Buying carp before Christmas is a task that many westerners find… disturbing. A week or two before Štědrý den, large blue plastic vats overflowing with water begin to appear outside supermarkets, on street corners and in other places in villages, towns and cities across the country, and these vats are filled with carp, brought up from the lakes of Southern Bohemia. These are big fish: 5-8 kg is a pretty standard size. Long queues form, regardless of freezing winds and snow, and people simply choose their carp from the small shoal swimming around in front of them. Up until quite recently, many families would take their live carp home with them and put it in the bathtub for a few days as a sort of ‘pet’, albeit one whose remaining days were very short in number. Nowadays, the fishmongers who run the carp stalls usually just hoik the animal out of the water, whack it on the head with a hammer and then either wrap it up and give it to the customer (hopefully not still flapping), or behead and gut it on the spot. Once they get going, it doesn’t take long before the pavement is running red with fish blood.

The fish itself is prepared by being filleted, breaded and fried until golden brown, and it is always served with remarkable quantities of potato salad. This may sound easy, but filleting a big carp is serious manual labour, and nothing can go to waste: fish giblet soup is one of the highlights of the whole meal.

Olomouc at Christmastime. Image by Labenord on Pixabay

The other essential component to any Czech Christmas is watching pohádky, which are filmed versions of classic fairy tales. This is a tradition that really took off in the early years of the communist period, and one of the first pohádky is still one of the most loved: Císařův pekař a pekařův císař (The Emperor’s Baker and the Baker’s Emperor, 1951), written by and starring Jan Werich – an actor and writer of great importance in Czech theatre and film history. I should also mention Pyšná princezna (The Proud Princess, 1952), Princezna se zlatou hvězdou (The Princess with the Golden Star, 1959), the extraordinary, expressionist (and genuinely scary) Tři zlaté vlasy Děda Vševěda (The Three Golden Hairs of Grandpa Knowall, 1963), not forgetting the delightful and hugely popular Tři oříšky pro Popelku (Three Hazelnuts for Cinderella, 1973). And no Christmas would be complete without the Russian fairy tale Mrazík (Old Father Frost, 1967). I first saw it in the cinema during that first Christmas in Brno in 1993 and the atmosphere was like a late-night showing of The Rocky Horror Show here in England: the audience knew every word of the story of Ivanko and the lovely Nastěnka, and sang along to the soundtrack of the film.
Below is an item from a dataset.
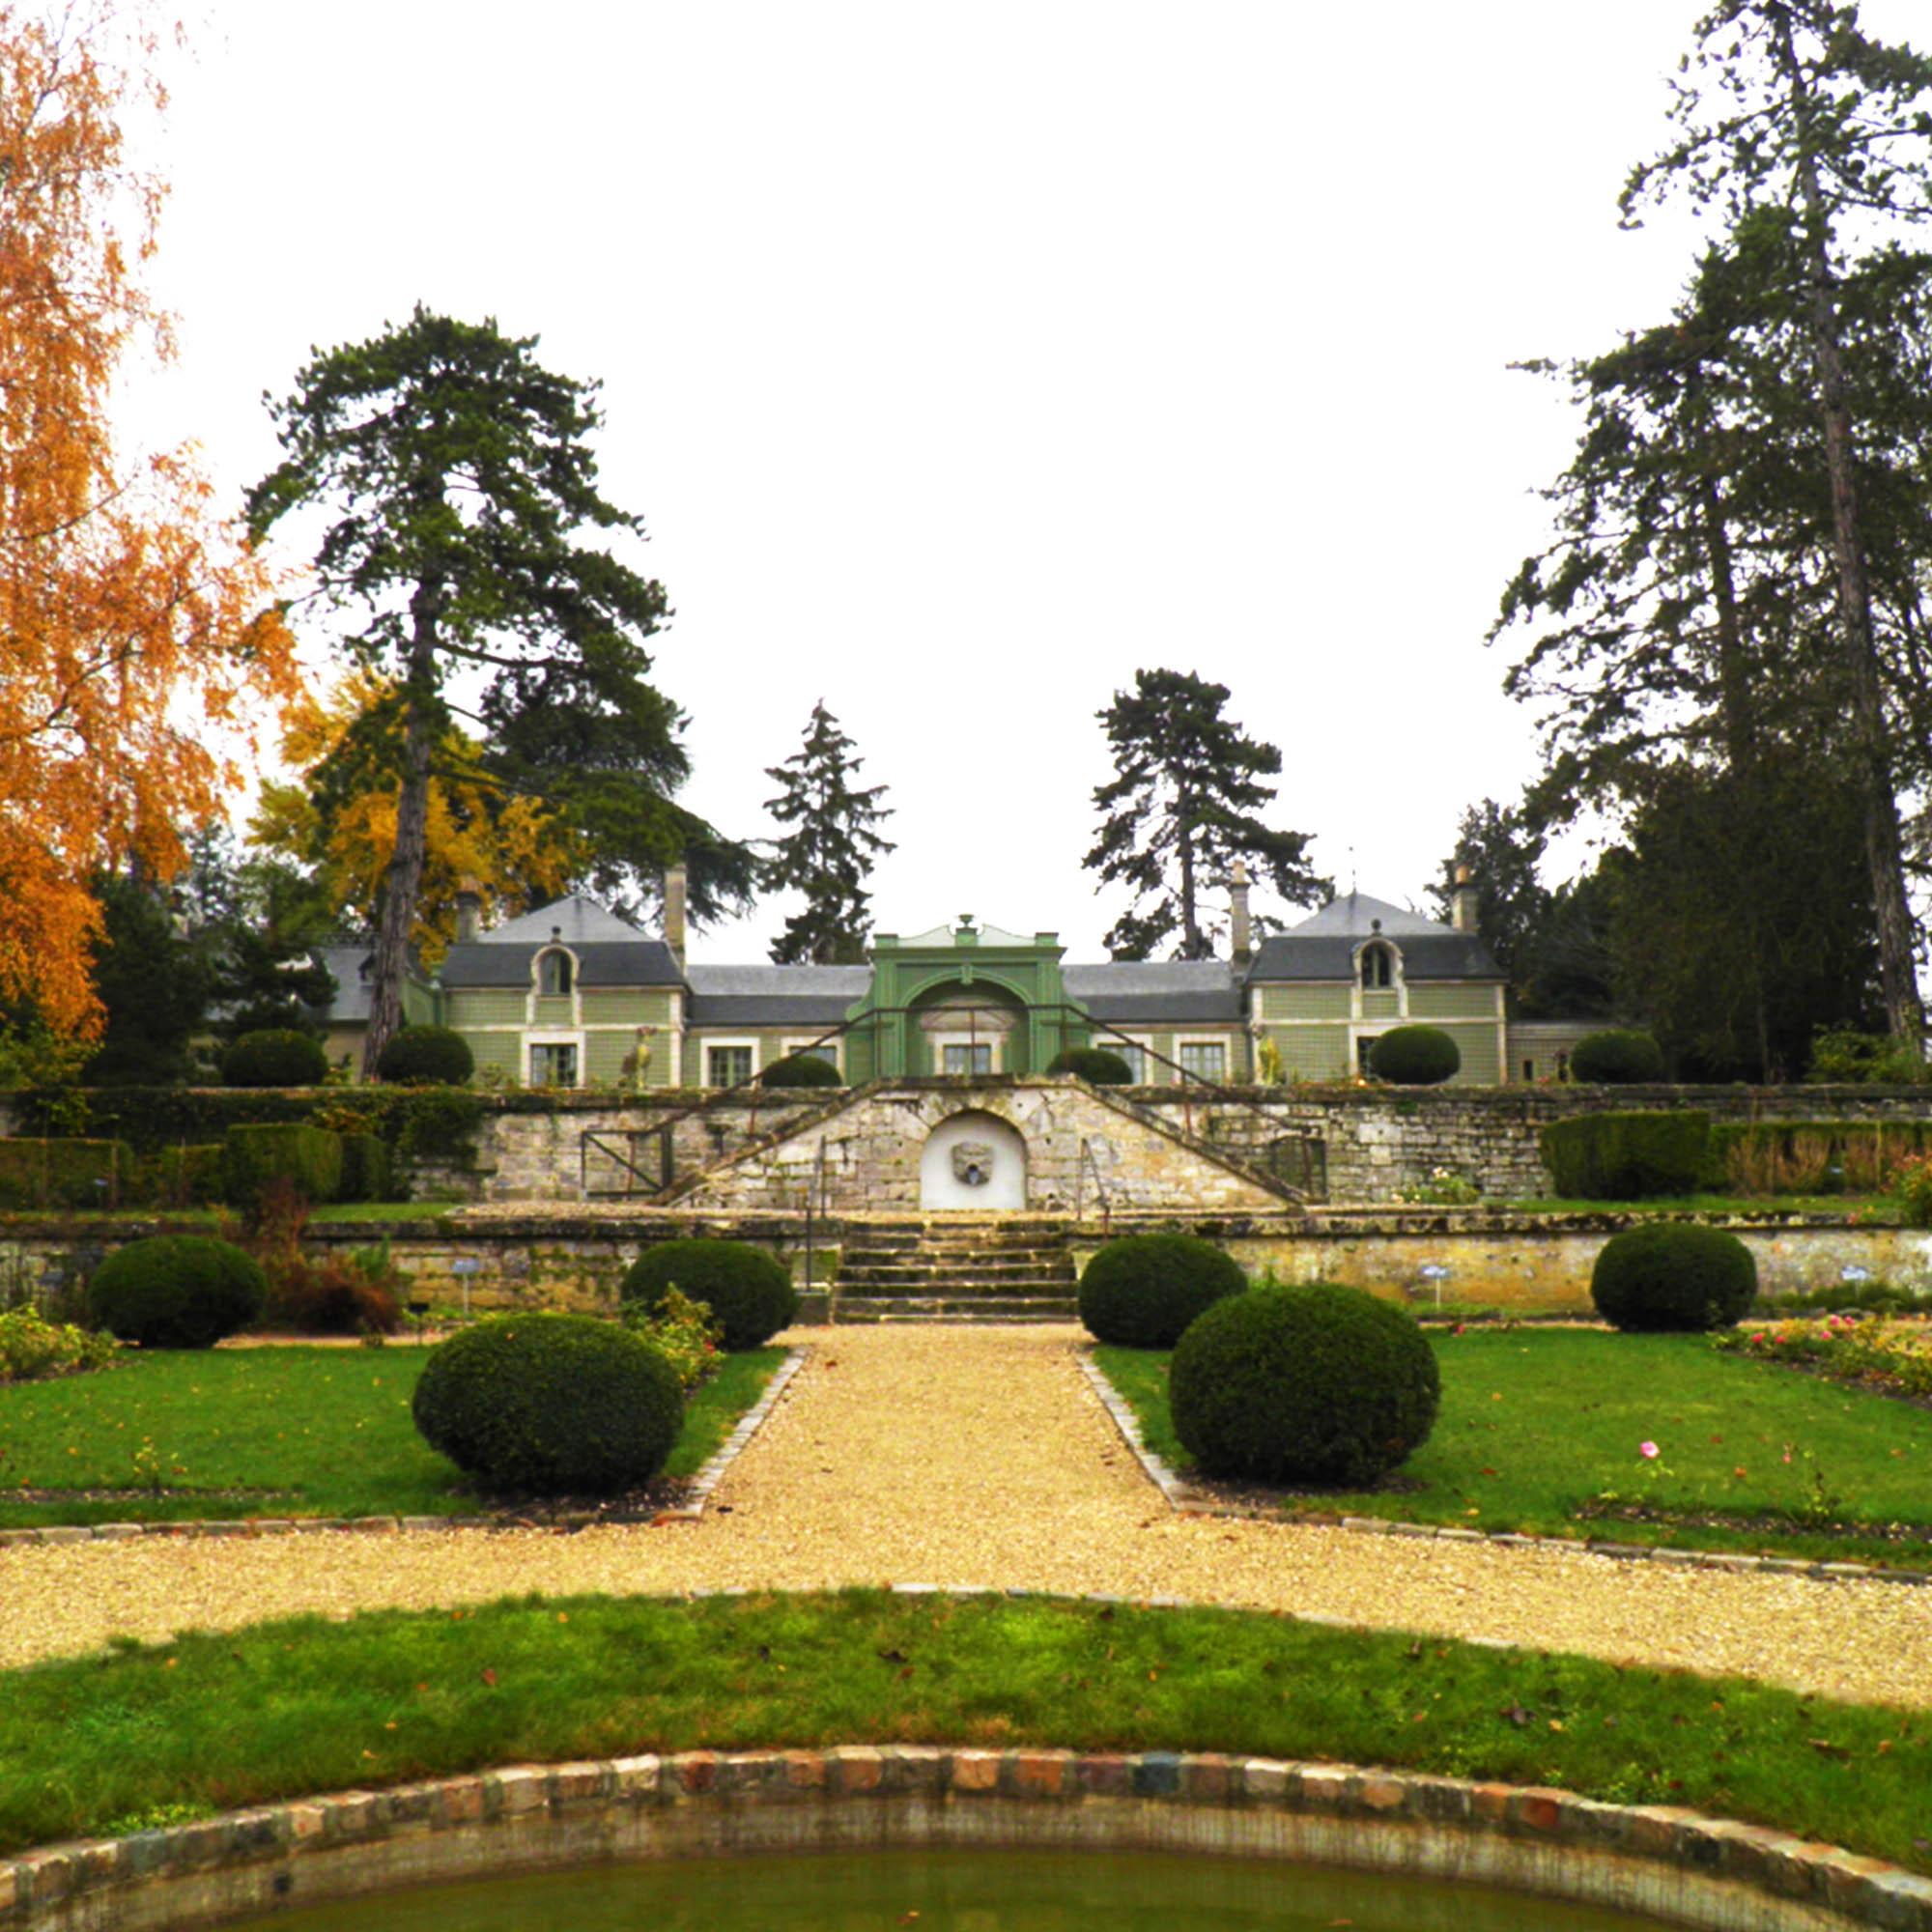 Le_Potager_des_Princes_Chantilly_gîte_saint_germain_oise_versigny

These classic pohádky are an integral part of the Czech Christmas ritual. The TV papers are eagerly scanned to see when Tři oříšky or Pyšná princezna are showing, and on that basis lunch, supper, or visits to and from friends and family are carefully arranged. More surprisingly still for the uninitiated foreigner, the same films are watched religiously every year and enjoyed just as much as they were in previous years. Pohádky, in short, are as much a part of Christmas as cukroví and carp.

Adventures on the Bookshelf will be taking a break now for Christmas but we’ll be back on 9th January. Have a great festive period and Merry Christmas – or, as they say in Czech, ‘Veselé Vánoce!’